WHAT TO DO: Would you reproduce the whole listing exactly, minus its images?

AVAILABLE DATA:
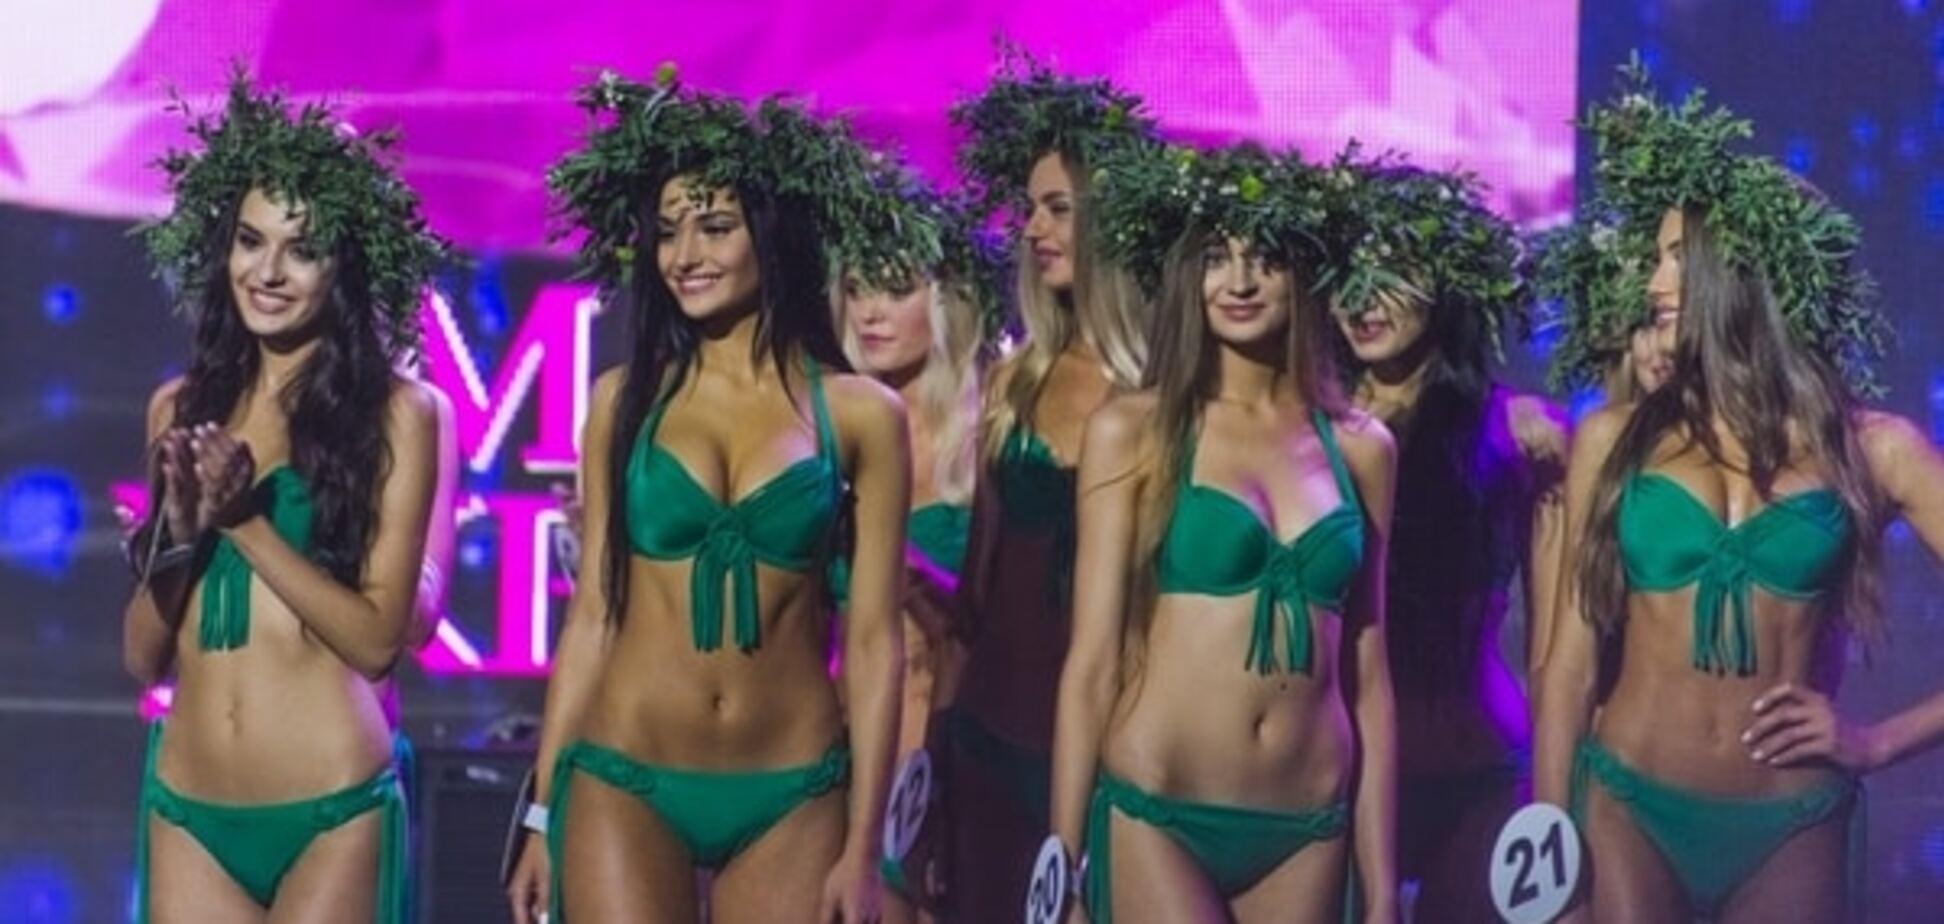 У мережі порівняли українських і російських учасниць конкурсів краси: опубліковані фото
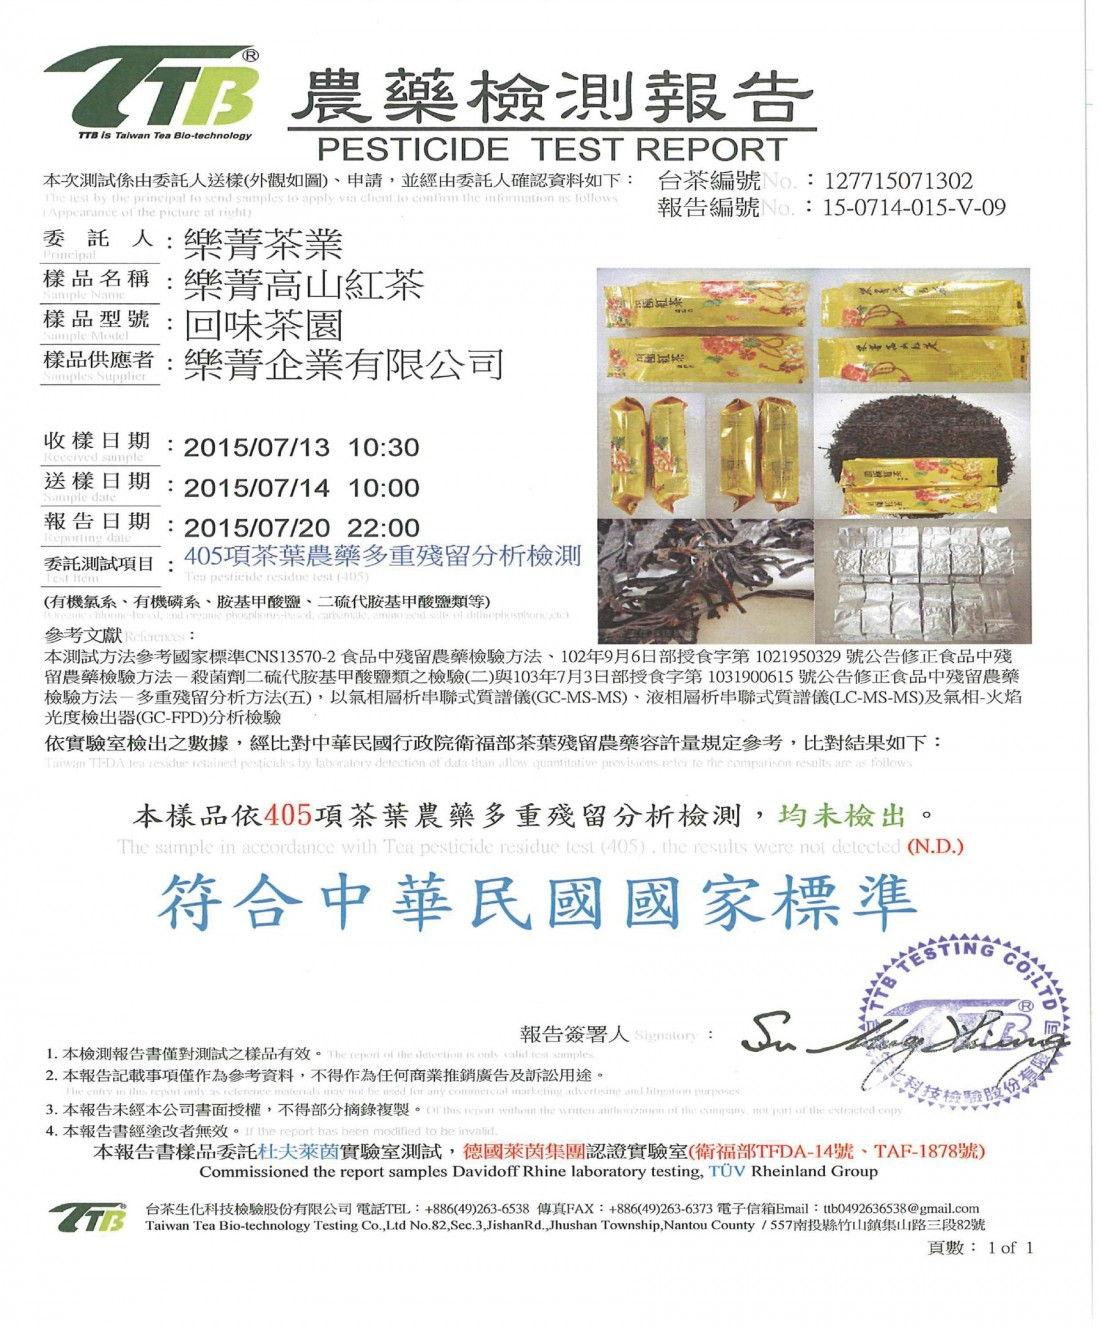 樂菁高山紅茶-茶葉無農藥殘留檢驗報告
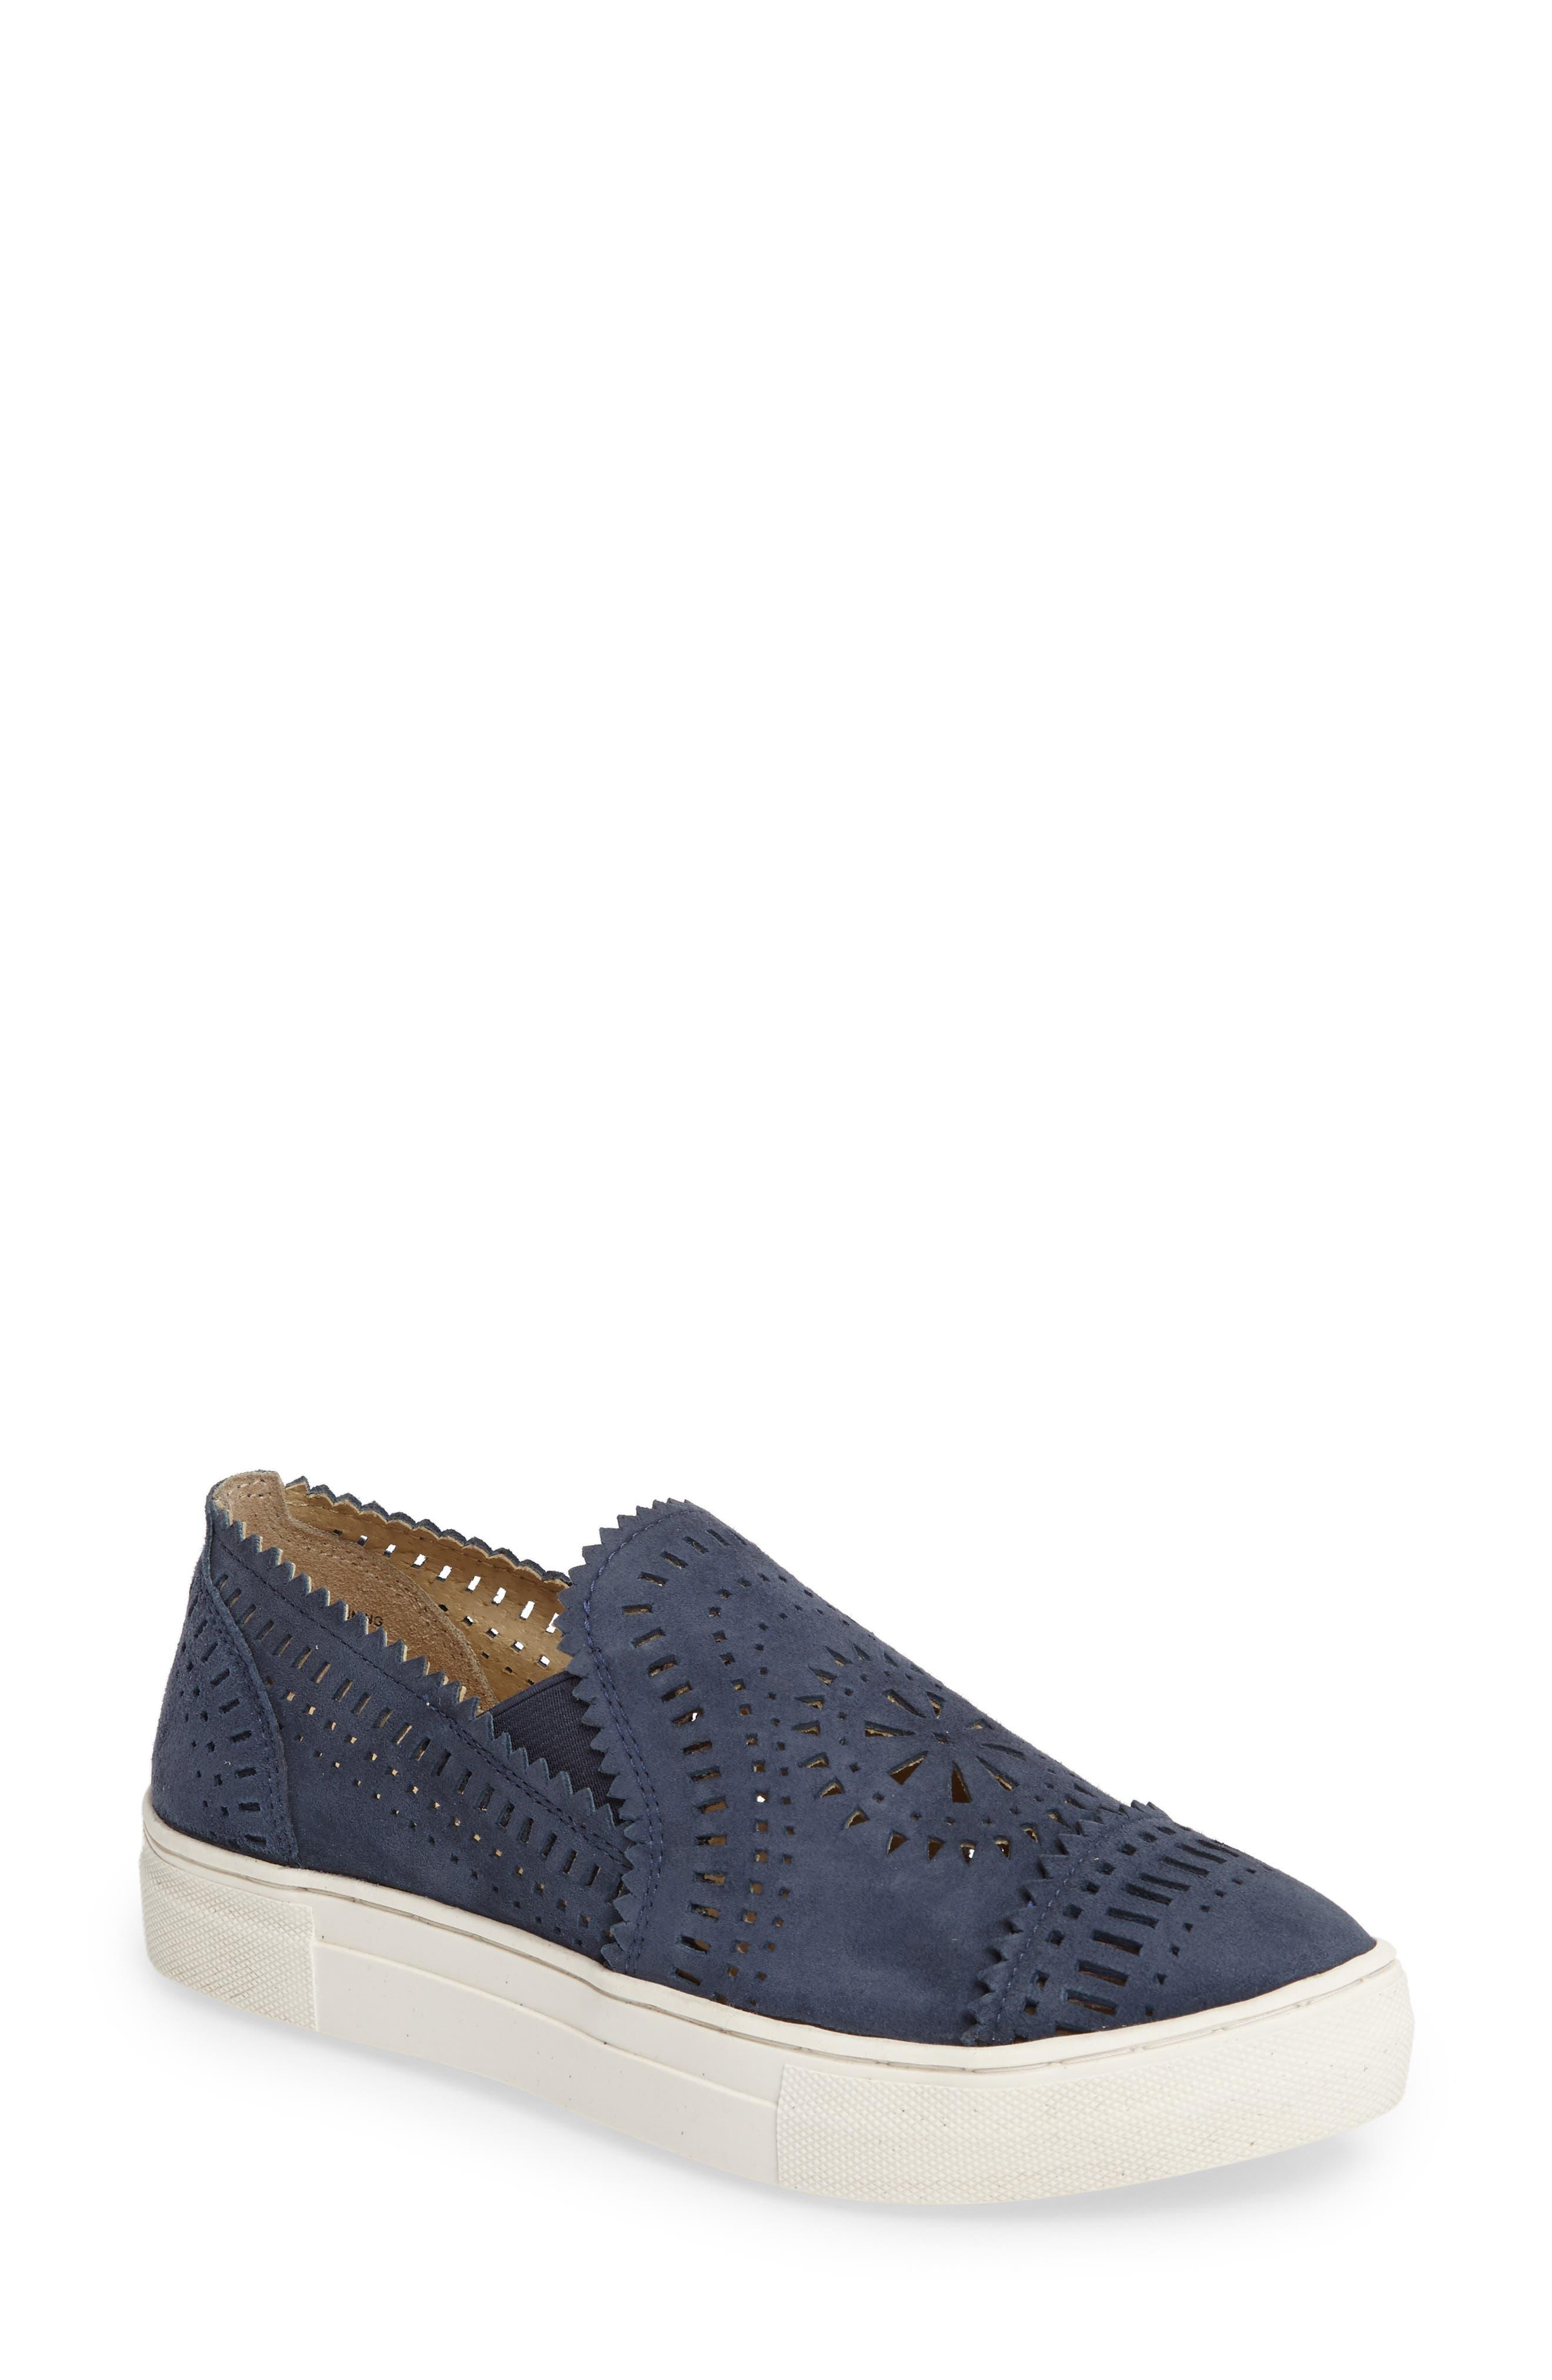 SEYCHELLES So Nice Slip-On Sneaker

WRITTEN RESPONSE:
 У мережі порівняли українських і російських учасниць конкурсів краси: опубліковані фото
 樂菁高山紅茶-茶葉無農藥殘留檢驗報告
 SEYCHELLES So Nice Slip-On Sneaker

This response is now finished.